限定版ゲームボーイに10万円の値札も 中古販売の現場から見たレトロゲーム市場の“いま”

中古販売の現場から見たレトロゲーム市場の“いま”

買取の中で出会った“奇跡的”な美品 「もはや『遊んでいたのか?』と思うほど」

 

――では、ブックオフさんでのレトロゲーム買取において重視しているポイントや、求めているものの傾向があれば教えてください。

稲森:求めているものと言われると……もう全部、なんでもですね(笑)。そのなかでお客様が持ってきていただいて、高額になるチャンスがあるとすれば、先ほども話に出ていたような、箱と説明書が全部揃っていて、綺麗な状態のソフト。その条件が揃っていれば、「ドラゴンクエスト」シリーズや「マリオ」シリーズのような流通量の多いものでも、ある程度高い値段がつくことが多いです。

 そして、もしあまり流通していないタイトルだとすれば、とんでもない値段になることもあります。なので、状態の良いレトロゲームが家にあるという方は、ぜひ一度店舗まで持ってきていただきたいなと思います。

――やや突っ込んだ話にはなりますが、商品の査定は現場の判断に委ねられるところも大きいのですか?

稲森:本部から配信している規定があり、ある程度の価格帯は決まっているのですが、「でもこれ状態いいから、絶対売れる」と売り場で判断したら、規定の倍になったり、いくらか上積みすることもあります。持って行ってのお楽しみ、という要素もありますね。

逸見:店舗で査定するなかでは、箱が破れていない商品は奇跡に近いというイメージですし、もしハガキまで入っていれば、「完璧だ」となってきます。
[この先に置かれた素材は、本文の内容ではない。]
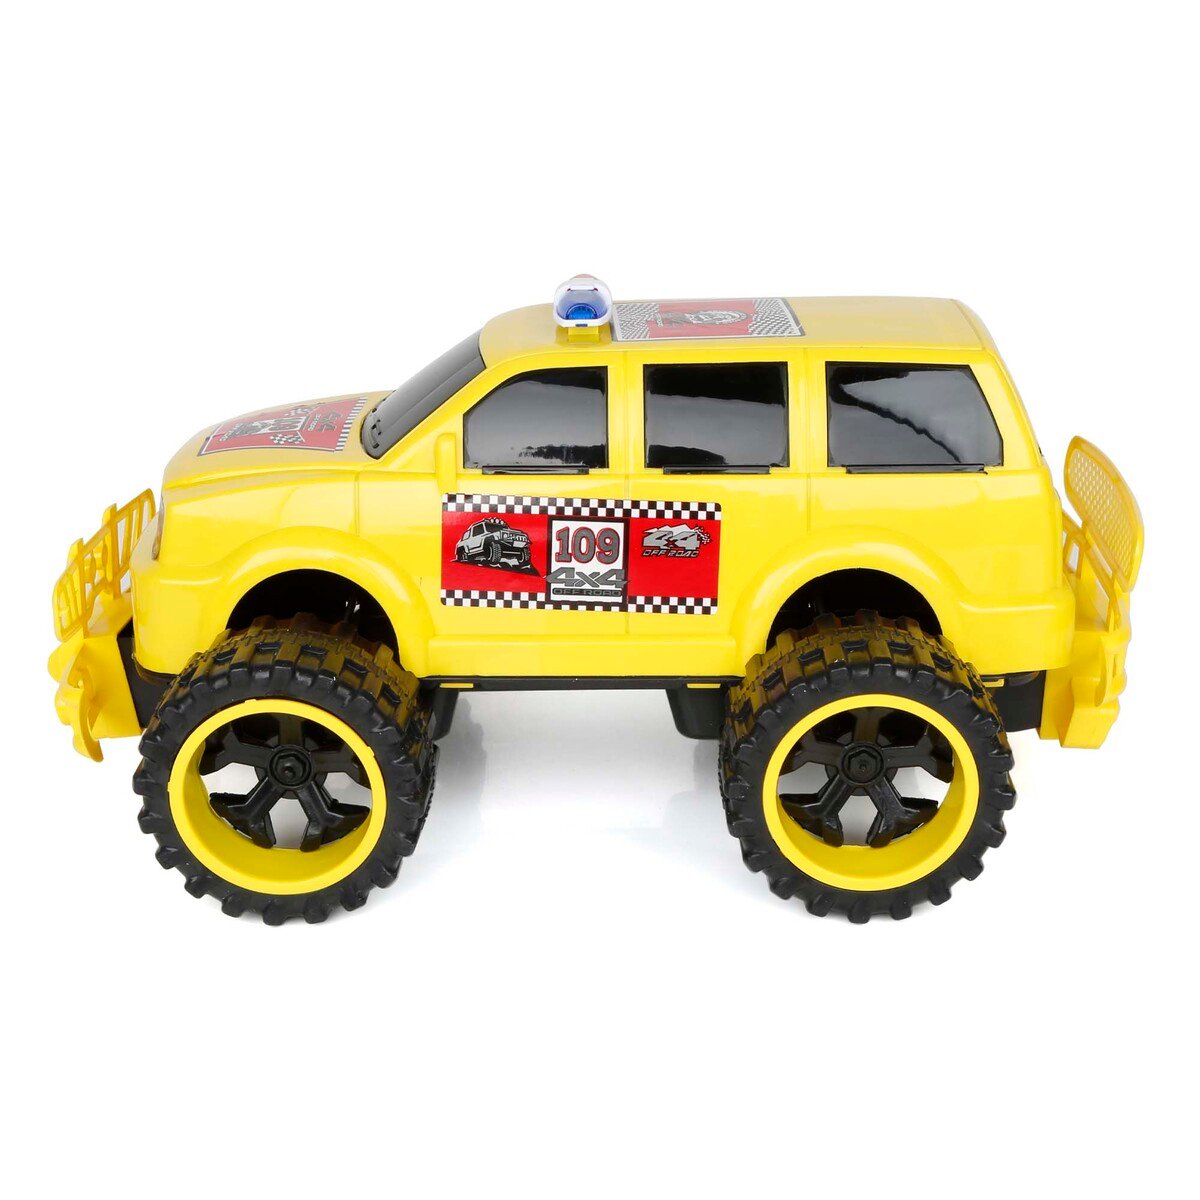 Clk Toys Mini Monster Model Car CLK-274

あとはスーパーファミコンだとソフトの中に端子があるんですけれども、そこが錆びていないか、美品かどうかを判断しています。

――美品という観点から、これまで持ち込まれた商品で驚いたものはありましたか?

逸見:当時の商品は箱がしっかり密封されていて、開けていなければ分かりますし、1回でも箱を開けると折れ目がついたりしてしまいます。でも、そうした跡が全くないという商品がありました。ゲームソフトも袋に包まれていたのですが、そこから出されたことがないように見え、説明書にも折り目がなく綺麗な状態でした。「この人はどうやって遊んでいたのか」というか、もはや「遊んでいたのか?」と思うほどでしたね。すぐに「これぐらいのお値段ですけど、どうですか」と交渉して、買取させていただきました。それほどまでに綺麗な状態でいらっしゃるお客様は、全体の1割くらいですね。
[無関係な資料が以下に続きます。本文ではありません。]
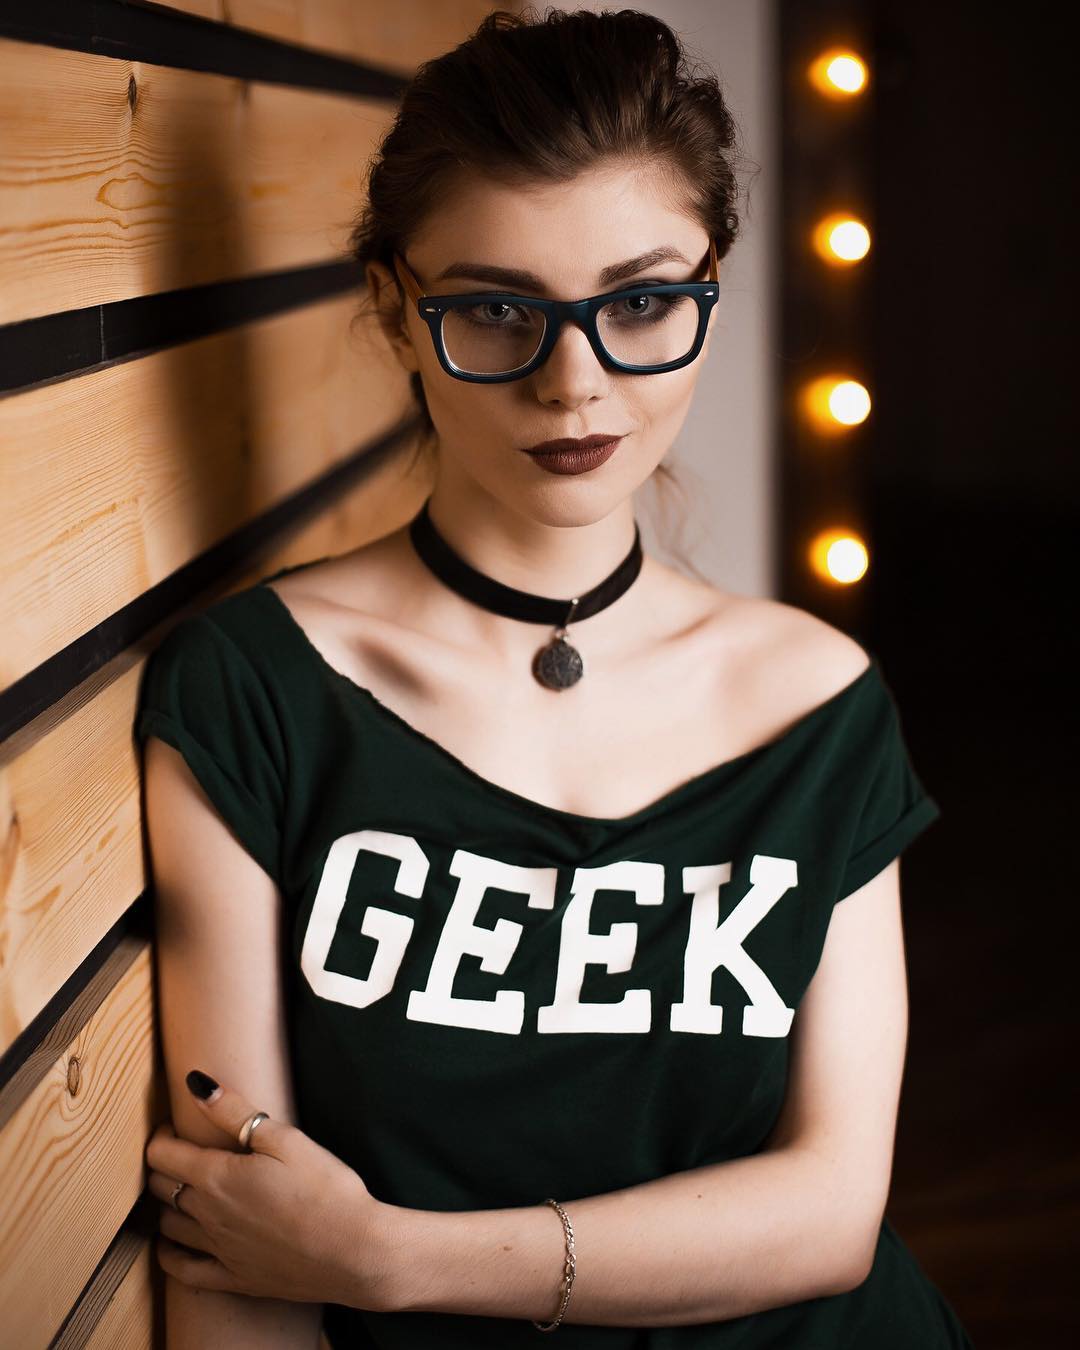 Geek Porn Pics

――これまで最も高額で買取したのはどんな商品でしたか?

逸見:ゲームハードになるのですが、「ポケットモンスター」とコラボしたゲームボーイライト(ゲームボーイポケットがバックライトを搭載したモデル)で、10万円でお売りいただきました。「ポケモン」映画の記念に出たものでした。持ち込みいただいたお客様はちょっと半信半疑といいますか、「たぶん高いんだろうけど、どれくらいになるかな」という雰囲気でしたが、こちらは最初から大きめの金額を提示させていただいたところ、「これでお願いします」と納得していただきました。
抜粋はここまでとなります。